Tuesday, June 29, 2010

Cannabalism in Scotland: the legend of Sawney Bean

The soccer team that once crashed on the mountaintop in South America. The American Donner Party. Dickens' Sweeny Todd.

The fine art of chowing down on one's fellows.

Well, it seems in 15th century Scotland, one Alexander Bean (or "Beane") was executed for "mass murder" when he and his 48-member clan took a fancy to human pancreas and the like, precursing Hannibal Lecter, and put the bite on over 1000 people. (Other clans, of course.)

His father, an educated INTP, I think, was a ditch digger and part-time hedge trimmer who tried to pass the family trade, shovel and all, down to his son, but Alexander (Called "Sawney" for some inexplicable reason fathomable only to Scots) would have no truck with honest labor; not with so many delectable upright rump roasts walking around, free for the frying. As it were.

Now, your normal everyday ne'er-do-well who has just turned down a steady hedge trimming gig would probably just look for some other line of work. But Sawney? Goes to his state of mind, your honor.

To this day, the hedges of Scotland are only sporadically and crookedly trimmed. I'm sure you've noticed, though probably you haven't made the connection between this and chewing one's fellow-traveler's fingernails and more. If you get my drift.

Incest? Those Scots had a a patent on it. Jesus. Well, there were only 48 people in the whole clan, so that DOES make one's eye wander to one's sister. Sawney, though, hooked up with an outsider - a vicious woman, they say - who shared his inclinations. And I'm not talking about ditch-digging inclinations.

Most young couples would be looking to build a modest home and start a family, but these two beauties found them a cave on the coast. The cave was fine enough as caves go, some 200 yards deep. Fine enough if you overlook the fact the entrance disappeared at high tide. They had to make allowances for that in their Daily Planners. The cave is still there today. Well, duh.

As you probably know, quirky Relax Max is the kind of little doggie who always reads between the lines, so I was wondering how the interior of that cave smelled (smelt to you) when one was trapped inside on a hot summer's day at high tide with a pile of human feet and viscera. Did I mention she was a vicious woman?

History tells us, if you are one of the 8 or 10 people in the world who believes Scots oral history, that the lovely couple's many children and grandchildren were "the products of incest and lawlessness." Even Relax Max can't quite conjure up how one has children by "lawlessness" (or doesn't want to even try to conjure it up) but the incest part is another duh.
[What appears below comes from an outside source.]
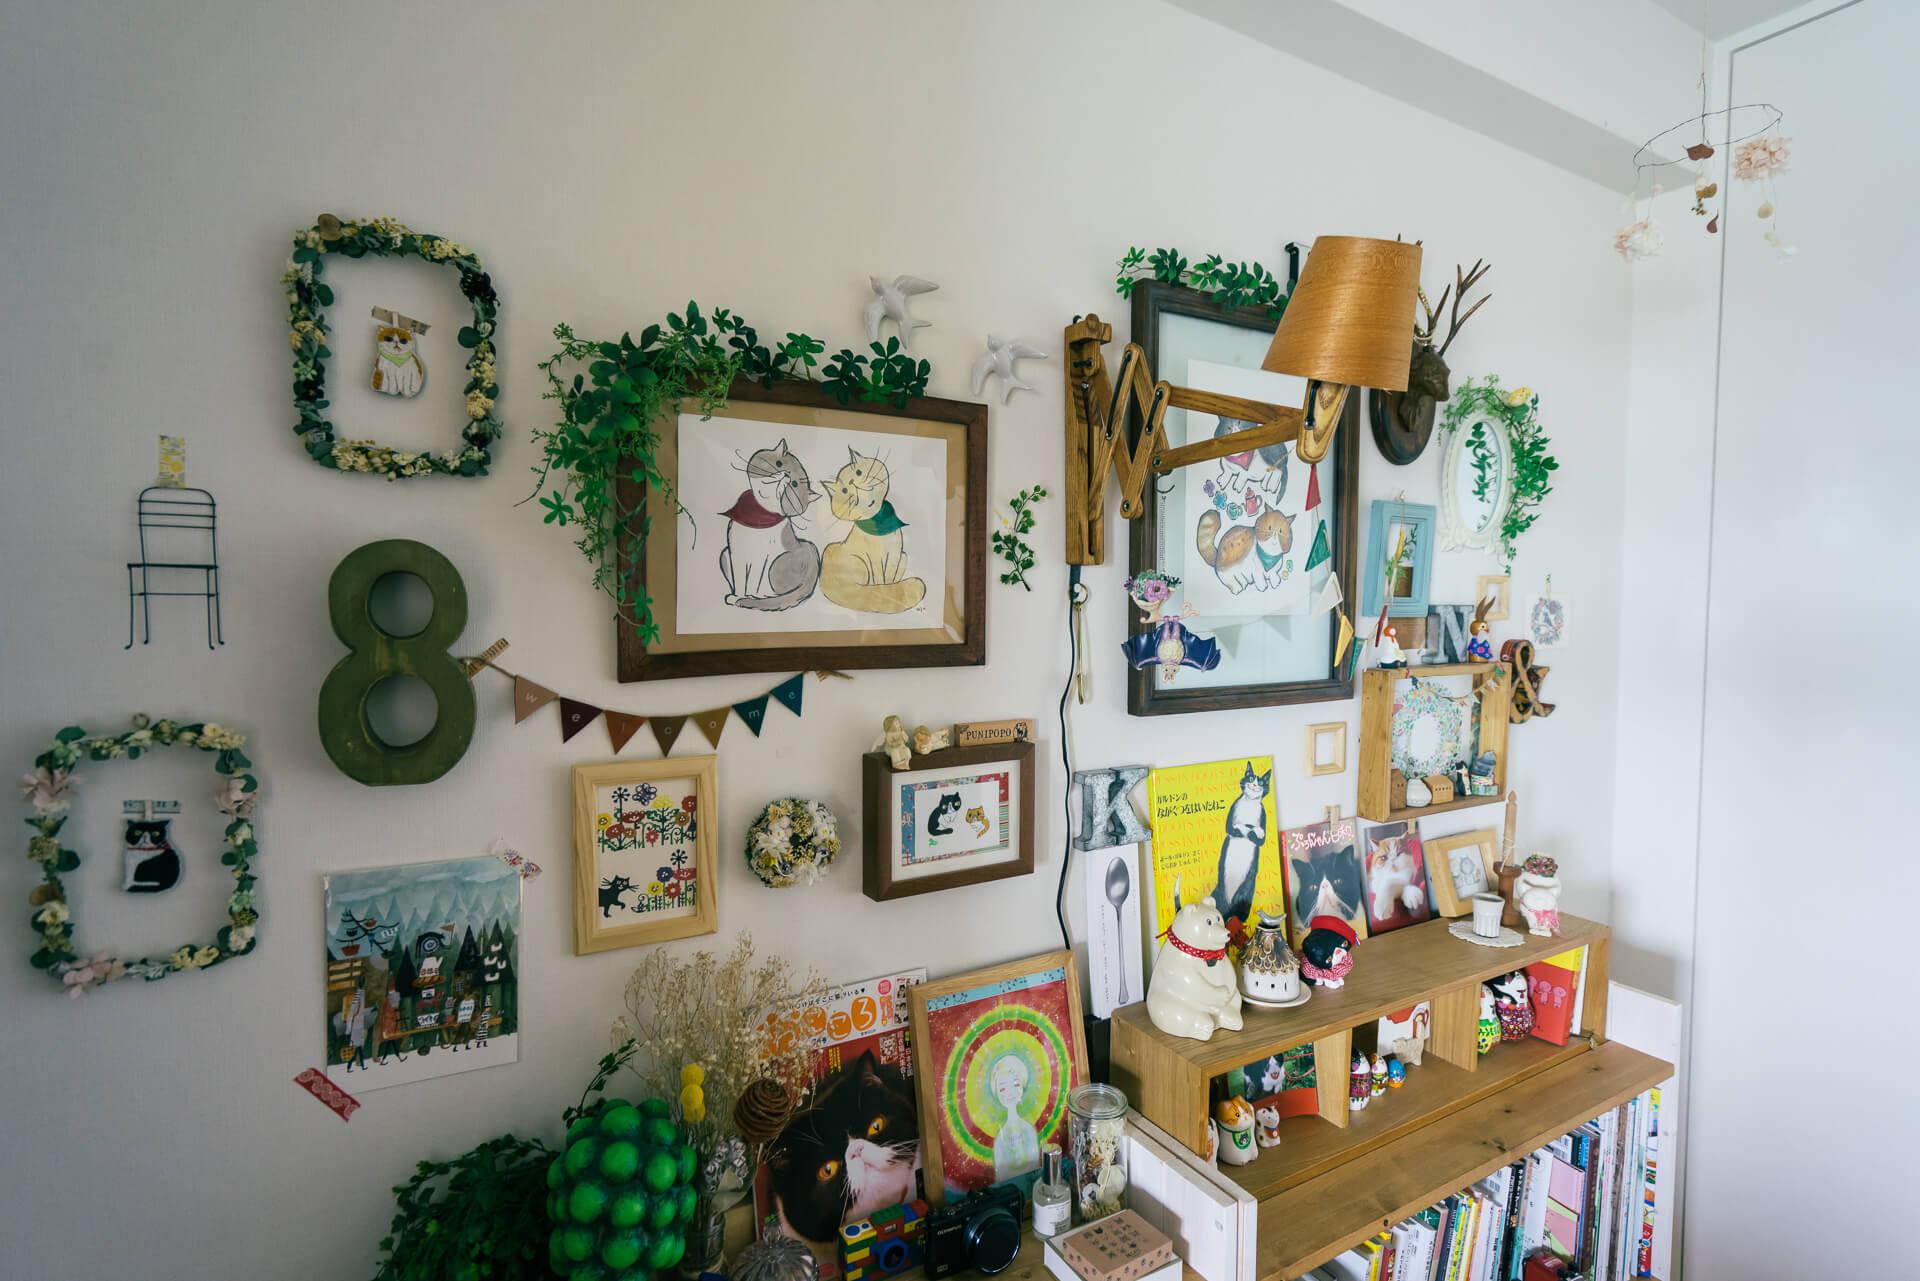 猫グッズが楽しく飾られたコーナー。右側の大きな絵はなっつ。さんご自身が、左側はお友達が描いてくれたものだそう。

"Lacking the gumption for honest labor, the clan thrived by laying careful ambushes at night to rob and murder individuals and small groups. The bodies were brought back to the cave where they were dismembered and cannibalized. "Leftovers" were pickled. Discarded body parts would wash up on nearby beaches." — Wikipedia

So we can deduce from this they didn't have regular trash pickup in those days.
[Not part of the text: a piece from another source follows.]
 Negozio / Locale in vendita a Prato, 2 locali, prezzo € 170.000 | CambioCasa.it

Pardon me while I retch on my keyboard.

Ok, I'm back now.

You will note in the picture at the top of this post that the woman in the background is carrying legs into the cave. In case you missed the details.

You may be wondering why the neighbors didn't notice the parts on the beach or the stench in the air - at least Max wondered - but the Scots tend to mind their own business unless situations become intolerable.

The situation did become intolerable.

Not ones to bother with serious criminal investigations, the local townspeople first lynched several innocents. (History doesn't tell us whether these unfortunates were simply left hung out for the birds to peck, or whether the clan munched them. Max, of course, thinks of things like that.)

To make a long story short... well, I suppose it is already too late for that, but nevertheless... King James VI of Scotland finally got wind of the carnage and sent down 400 searchers and a bunch of bloodhounds. It didn't take the bloodhounds long to find the stinking cave the neighbors had missed, which, the narrative says, was "rife" with human remains. Rife. Holy Macaroni, how does one SLEEP in such a cave?

Relax Max is always reluctant to mention King James VI of Scotland, because there is an unwritten law (or maybe it IS written) that one must always obligatorily add "Later King James I of England" to the mix. I don't know why. It just has to be done, and I've done it.

The clan was captured and taken (in chains - Wikipedia states the obvious) to Jail in Edinburgh, then later transferred to Leith or Glasgow where they were executed without trial. Never one to complain, Relax Max nevertheless cannot help but wonder if you are going to execute people without trial (Even Florida and Texas give trials) then why not just off the crud right next to the cave and be done with it? Let the bloodhounds have a go at them? I suppose there would be more of an audience in Glasgow, though.

But a nice show it was, well worthy of any admission that may have been charged. May I describe it to you? Yes? Then I shall.

The men had their genitalia cut off, hands and feet cut off, and left to bleed to death. The women and children were given the pleasure of watching this, then they were burned to death. (James was Catholic, remember.)

Ayrshire is noted for its dark folklore, so none of this may be true. Let's hope.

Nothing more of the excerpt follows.